BEGIN GIVEN MATERIAL
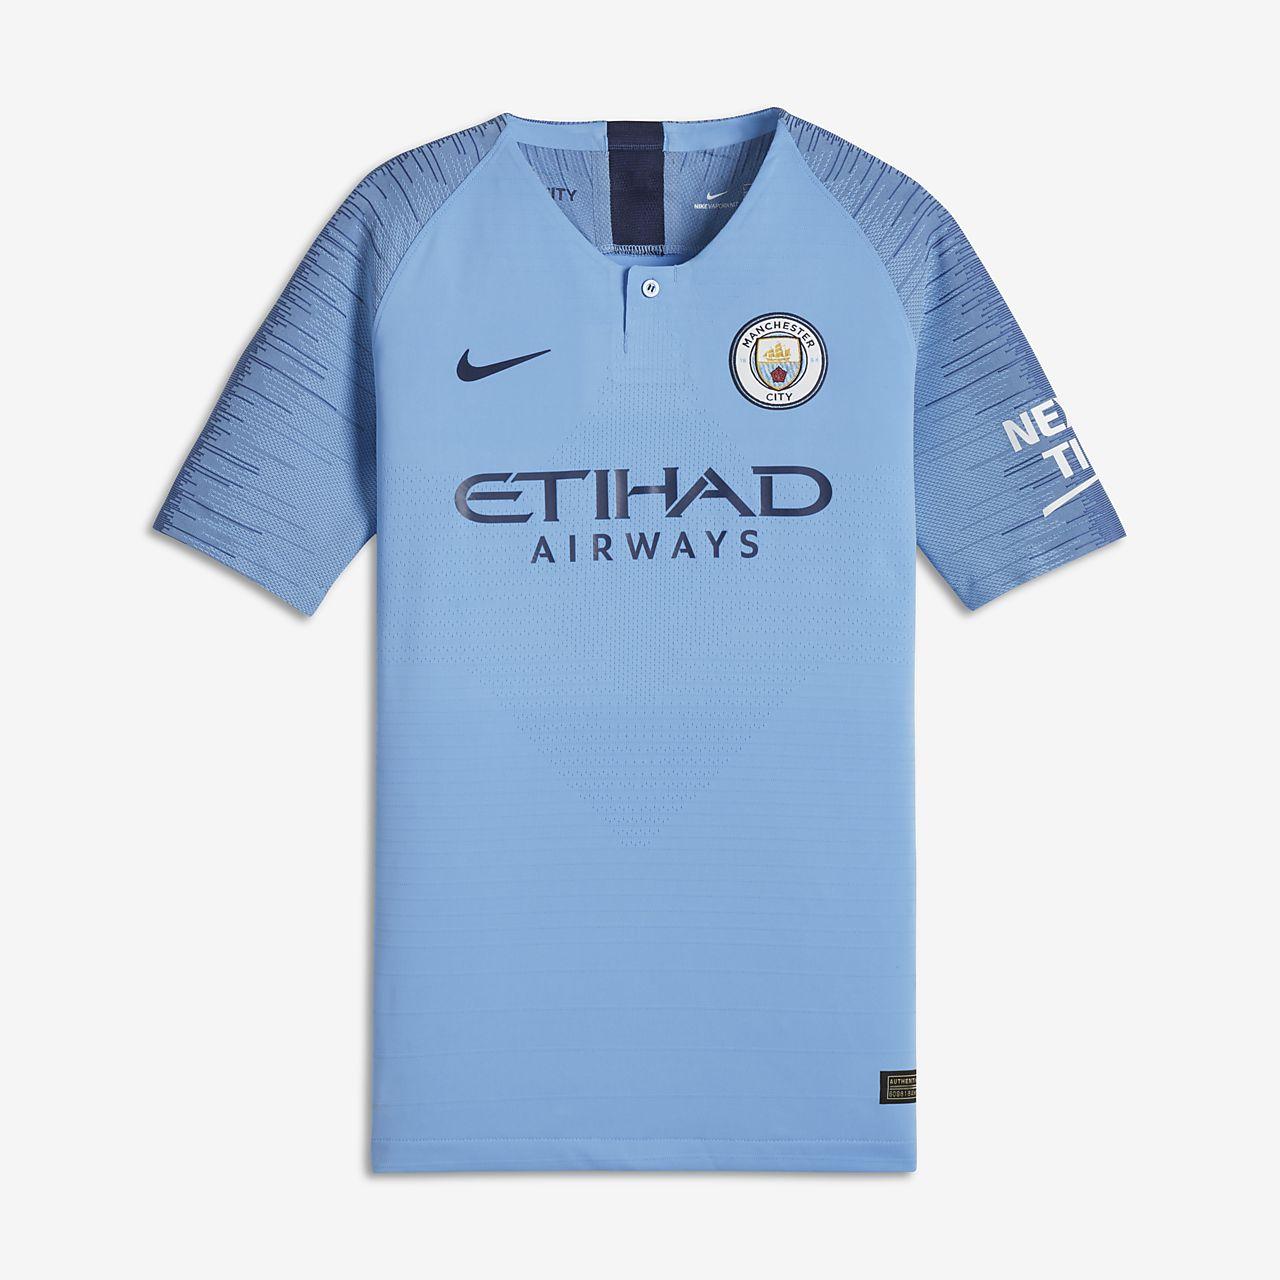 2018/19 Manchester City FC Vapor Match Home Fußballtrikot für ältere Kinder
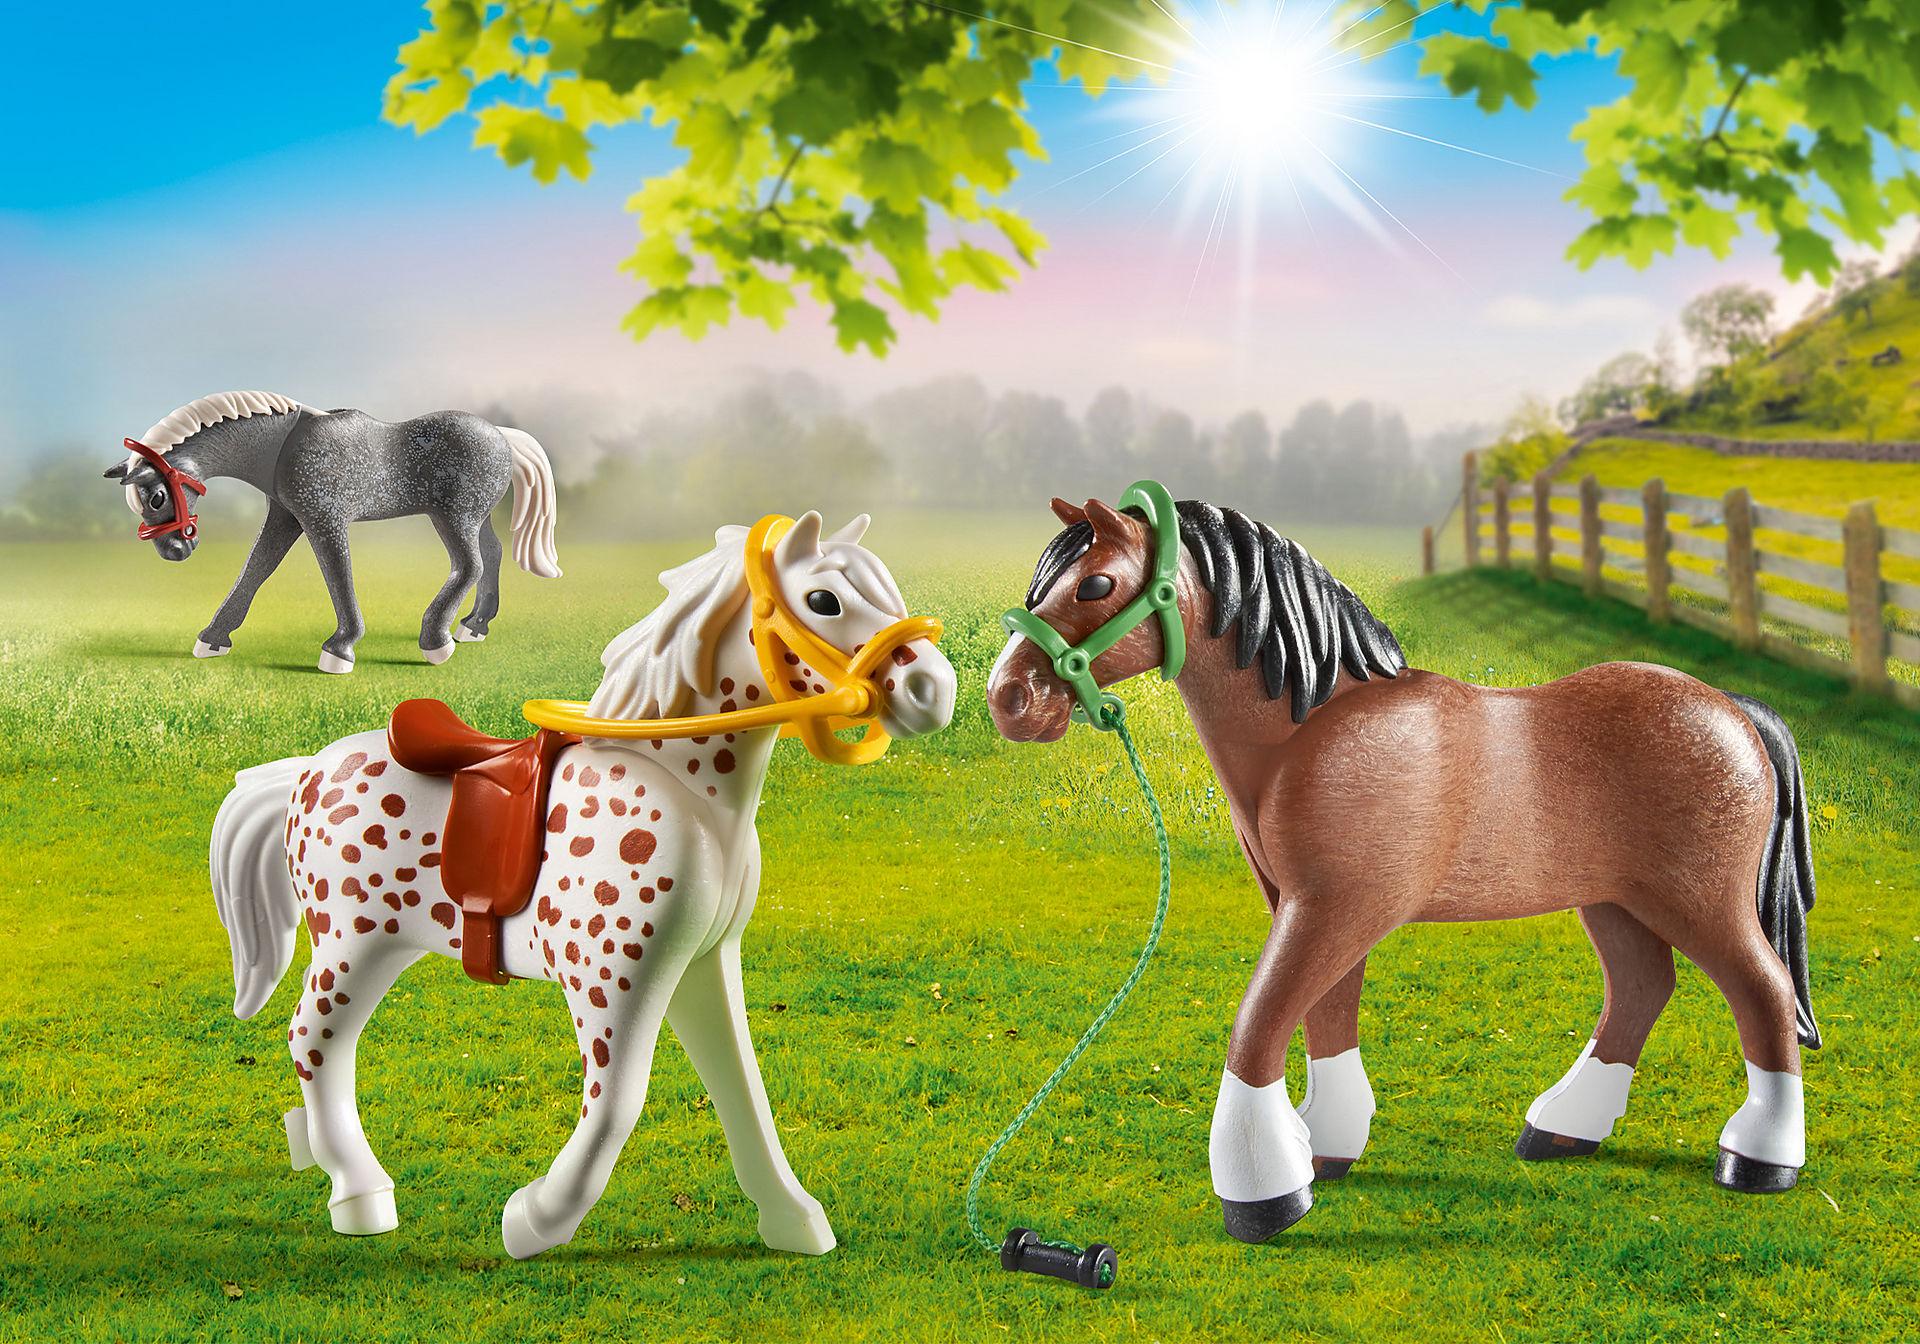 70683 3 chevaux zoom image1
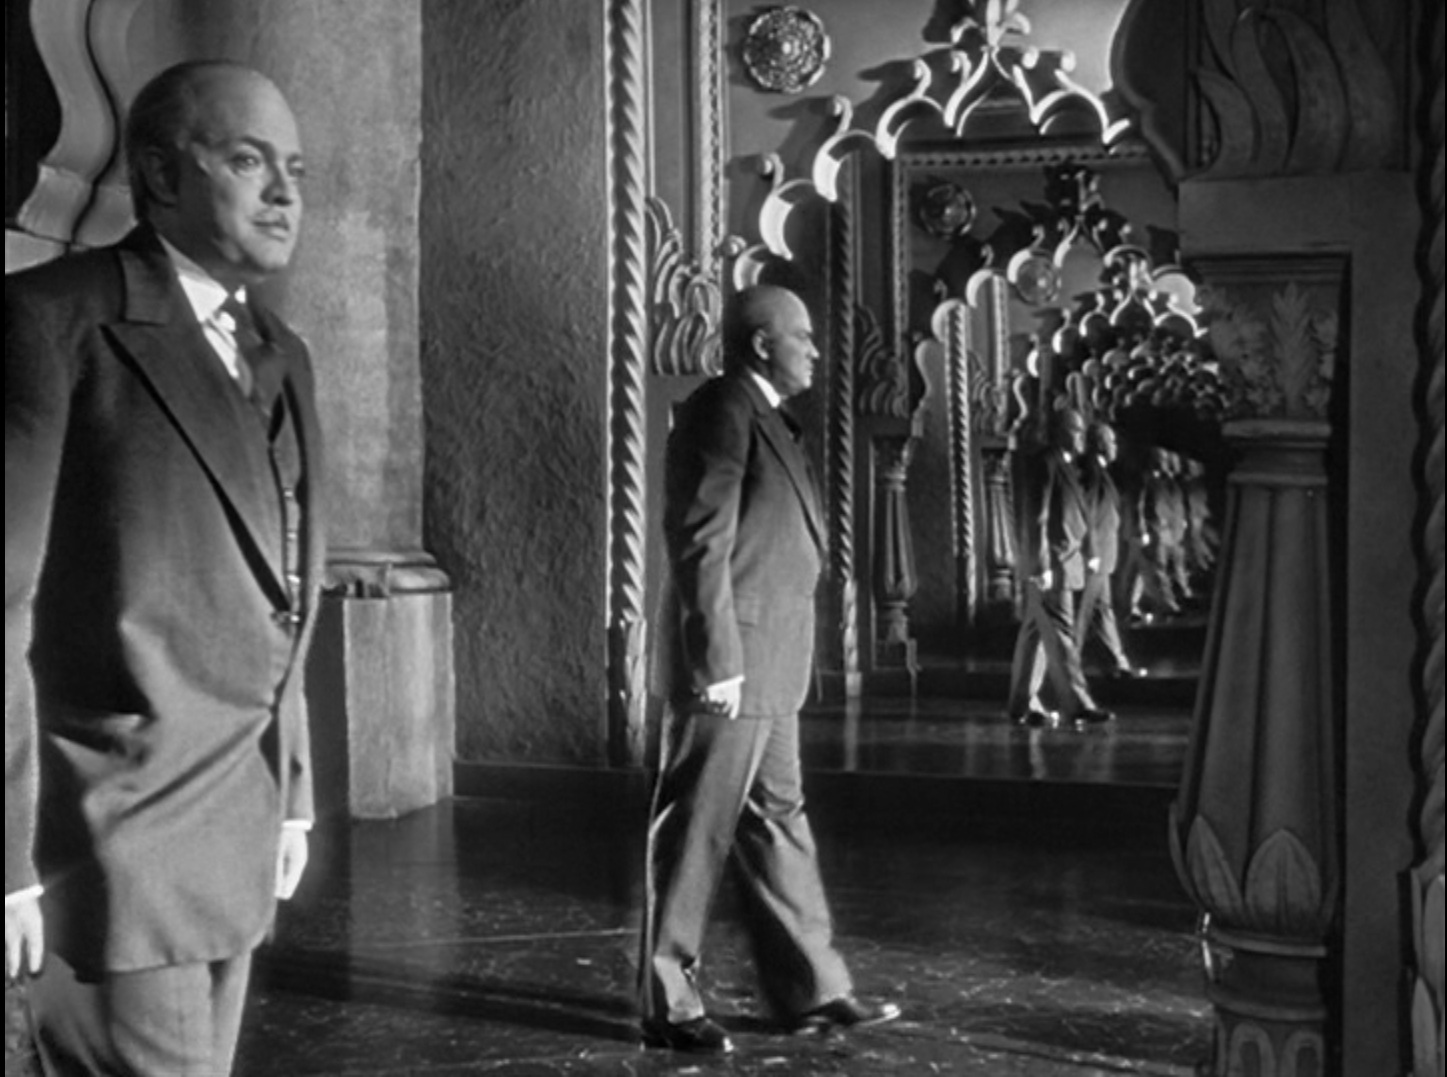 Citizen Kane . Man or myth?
END GIVEN MATERIAL
* _PROBLEM DESCRIPTION_
Your job is to reproduce the material exactly. Keep pictures out of it.

* _RESPONSE_
 2018/19 Manchester City FC Vapor Match Home Fußballtrikot für ältere Kinder
 70683 3 chevaux zoom image1
 Citizen Kane . Man or myth?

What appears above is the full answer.